When a platoon of paramilitary officers moved to occupy a piece of land belonging to a farmers’ organisation in the North Rift region in 2008, they were welcomed with joy.

The country was still smarting from the post-election violence and the farmers were excited to have armed officers in their midst. After all, the 60 officers from the Anti–Stock Theft Unit (ASTU) were to occupy the one-acre land for only a short period as they quelled the violence sparked by the disputed General Election.

Two years on, the once cordial relationship between the officers and the farmers has turned sour and grown tense.

No formal agreement

The farmers want back their land but the security men do not want to hear any of that. They are not willing to vacate the building that the farmers had been using.

Kesses Division Farmers Federation buildings in Wareng District. Farmers claim their expansion plans have been shelved due to continued police occupation

Members of the giant Kesses Division Farmers Marketing Federation at Cheptiret trading centre in Wareng District are demanding that the officers vacate the land they have illegally been occupying for the last two years.

The Federation members also want to be paid over Sh 1.2 million, as lease by the police although they had no formal agreement between them and the police.

Farmers further claim previous efforts by the officials to seek intervention of former Police Commissioner Hussein Ali and his successor Mathew Iteere have failed.

Provincial administrators in the area are said to have allowed the police department to use the land as an operations base during post-polls chaos but are not willing to move them out.

Cheptiret was one of the hot spots in post-poll violence in the North Rift region and the presence of the policemen was a huge deterrence.

The farmers’ federation chairman Julius Rotich claims his members had lost Sh 8 million as a result of the "illegal" occupation of the land by the officers in the last two years.

Financial Link

"There are 180 self-help groups in the Federation with 4,800 active members drawn from Eldoret South and Eldoret East constituencies," Rotich told The Standard.

The Kesses Division Farmers Marketing Federation was registered on May, 19, 2005 and its core business, Rotich said, was marketing farm produce, especially cereals for its members, besides acting as the link between financiers.
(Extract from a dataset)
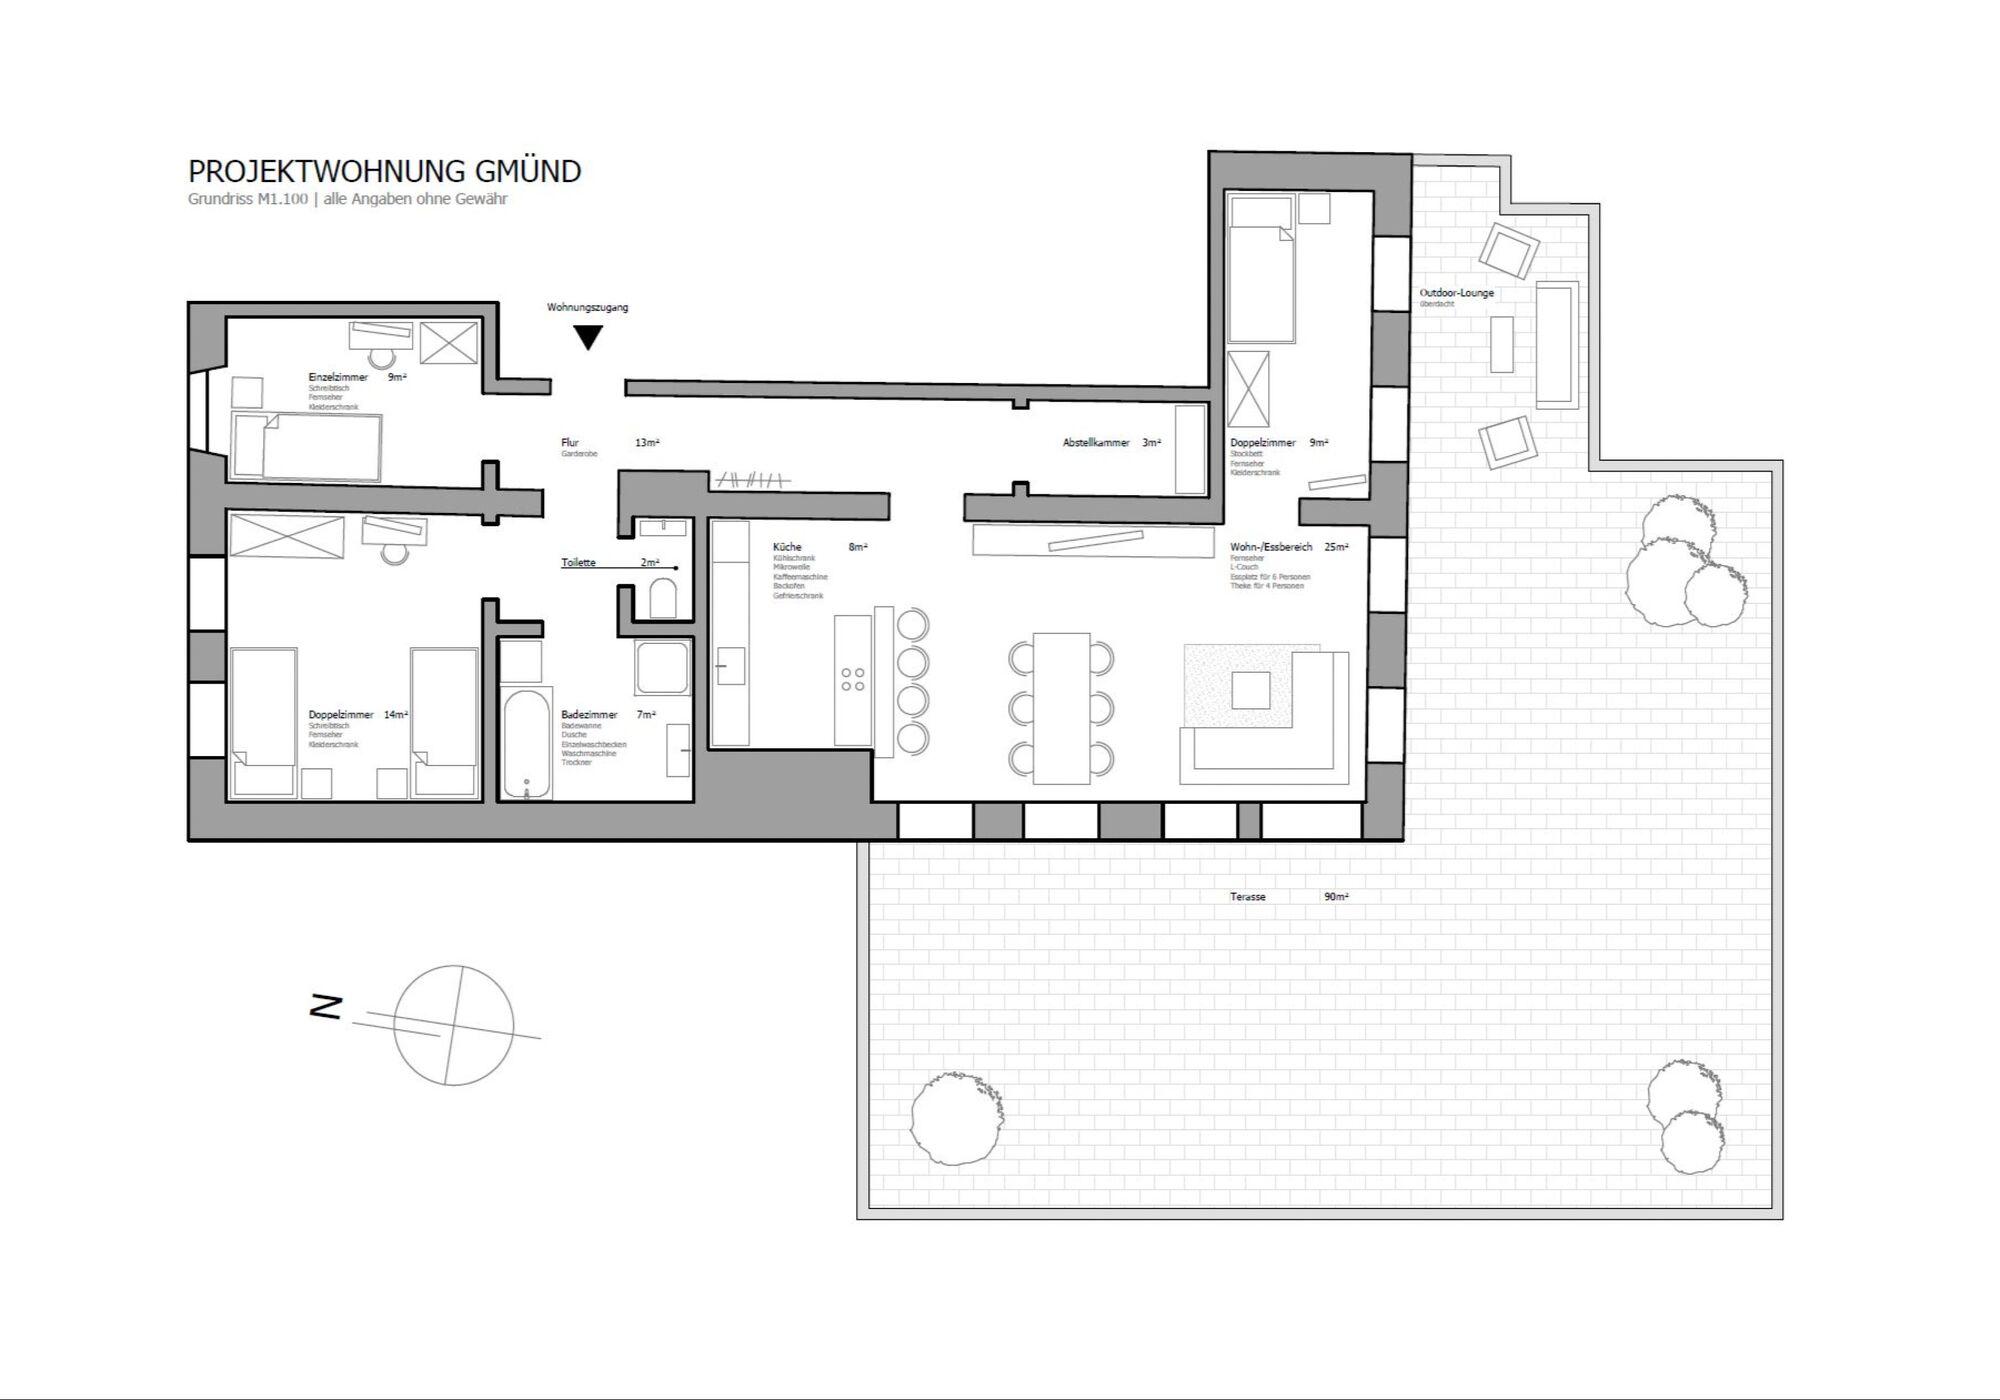 Projektwohnung Schwäbisch Gmünd, Monteurzimmer in

"We have been using the facility to store up to 70,000 bags of farmers’ harvest before sale but we have not been able to do so in the past two years because of the presence of the officers," the Federation secretary Mike Maswai said.

Maize Mill

Farmers are now demanding compensation from the Government because of lost business opportunities.

Rotich said the police presence on the plot had frustrated their plans to build go-downs on the land to help store their produce.

"We were also in the process of identifying a donor to partner with us in putting up a maize milling plant on the plot before the police moved in," Rotich elaborated. He said there were also plans to start a dairy plant on the plot to package milk and its by products and sell to local markets.

"All our plans have now been frustrated by the police department," Rotich lamented, adding: "Initially, when we demanded to know how long the officers would occupy the land, we were told it would take less than four months, but two years down the line, they are yet to move out."

Eldoret South MP Mrs Peris Simam wrote to Police Commissioner Iteere on April, 7, raising farmers’ concerns.

Simam said that the ASTU camp in the area was misplaced, as the area was not prone to cattle rustling. The correspondence between the police and the farmers’ body seen by The Standard indicate that the issue has been simmering for the last two years.

Private Land

A letter dated February 4,2010, and written on behalf of the Commissioner of Police by a Mr Mc’Opiyo, and addressed to the Commandant Anti-Stock Theft Unit acknowledges that the officers are occupying private land and that the society members owning the land were demanding compensation.

Wareng’ District Commissioner Alex Ole Nkoyo said he was aware of the dispute.